We recently wrote about expected changes to the rules governing the way leases are accounted for on balance sheets and suggested the changes would have major implications for retailer tenants and longer term implications for landlords.
Late last week, as expected, the Financial Accounting Standards Board (“FASB”) issued a suite of now final rule changes related to lease accounting. FASB is the private, non-profit organization that establishes the rules governing generally accepted accounting principles (“GAAP”) used in the United States.
Under the new accounting rules, the former distinction between (a) capitalized or financing leases, which generally are reported as assets and liabilities on the tenant’s balance sheet, and (b) operating leases, which have not historically been so treated, will be eliminated. After these new rules become effective, a tenant under a real estate lease must now include the lease on its balance sheet, even where the lease was treated as an operating lease under prior GAAP rules.
The most significant FASB change would require all tenants to include any lease greater than one year as a liability and an asset on their balances sheet. The amount of the liability would be the present value of the total rent remaining due under the lease, however, there may be some unexpected consequences as the new rules are fully implemented.
Although the content of the rule changes is final, the new rules do not go into effect right away. Instead, most publicly traded companies will have to begin to adopt the new accounting rules for fiscal years beginning after December 15, 2018. All other entities will have to begin to adopt the new accounting rules for fiscal years beginning after December 15, 2019.
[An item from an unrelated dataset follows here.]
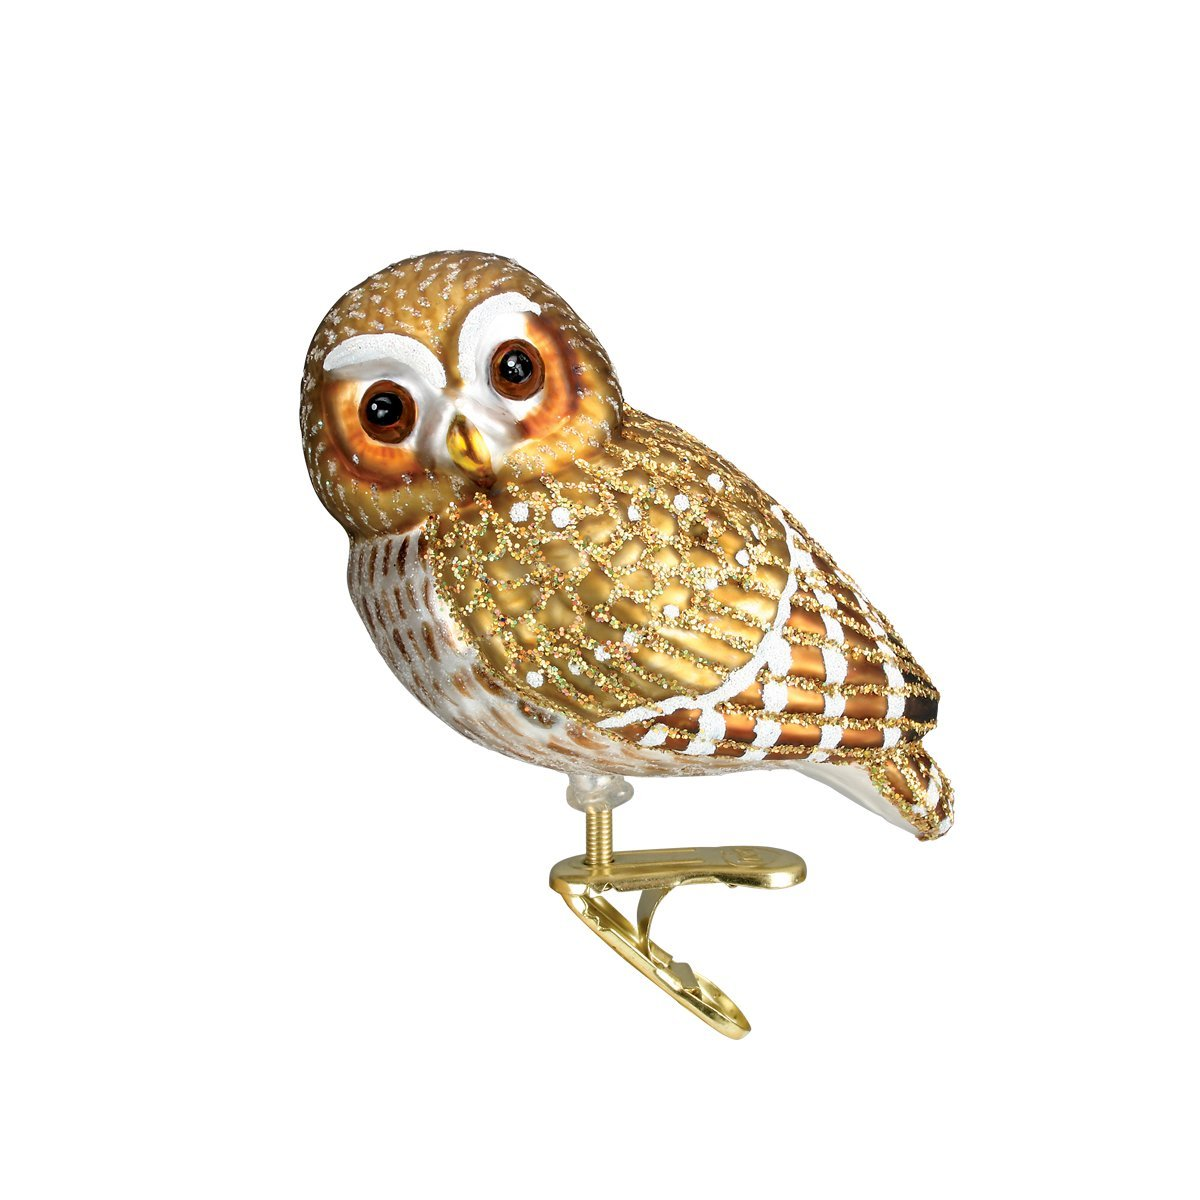 Amazoncom Old World Christmas Ornaments Pygmy Owl Glass Blown

The new rules are the subject of some controversy. For example, some tenants could face concerns with respect to corporate financing under the new rules because newly-disclosed lease liabilities could cause violations of existing lending covenants regarding balance sheet ratios. (Some lenders, cognizant that these proposed changes have been in progress for many years and could be adopted at any time, have been willing to “grandfather” in the existing GAAP rules into loan covenants. This practice allows a borrower to keep its leases off-balance sheet for the limited (though important) purposes of its loan covenants even after the rules change.) The rule changes could also change some of the dynamics of lease negotiations in the future as tenants will generally be able to continue to keep variable payments off balance sheet.
Despite some dissent, in general the new rules are generally understood to increase transparency in financial reporting.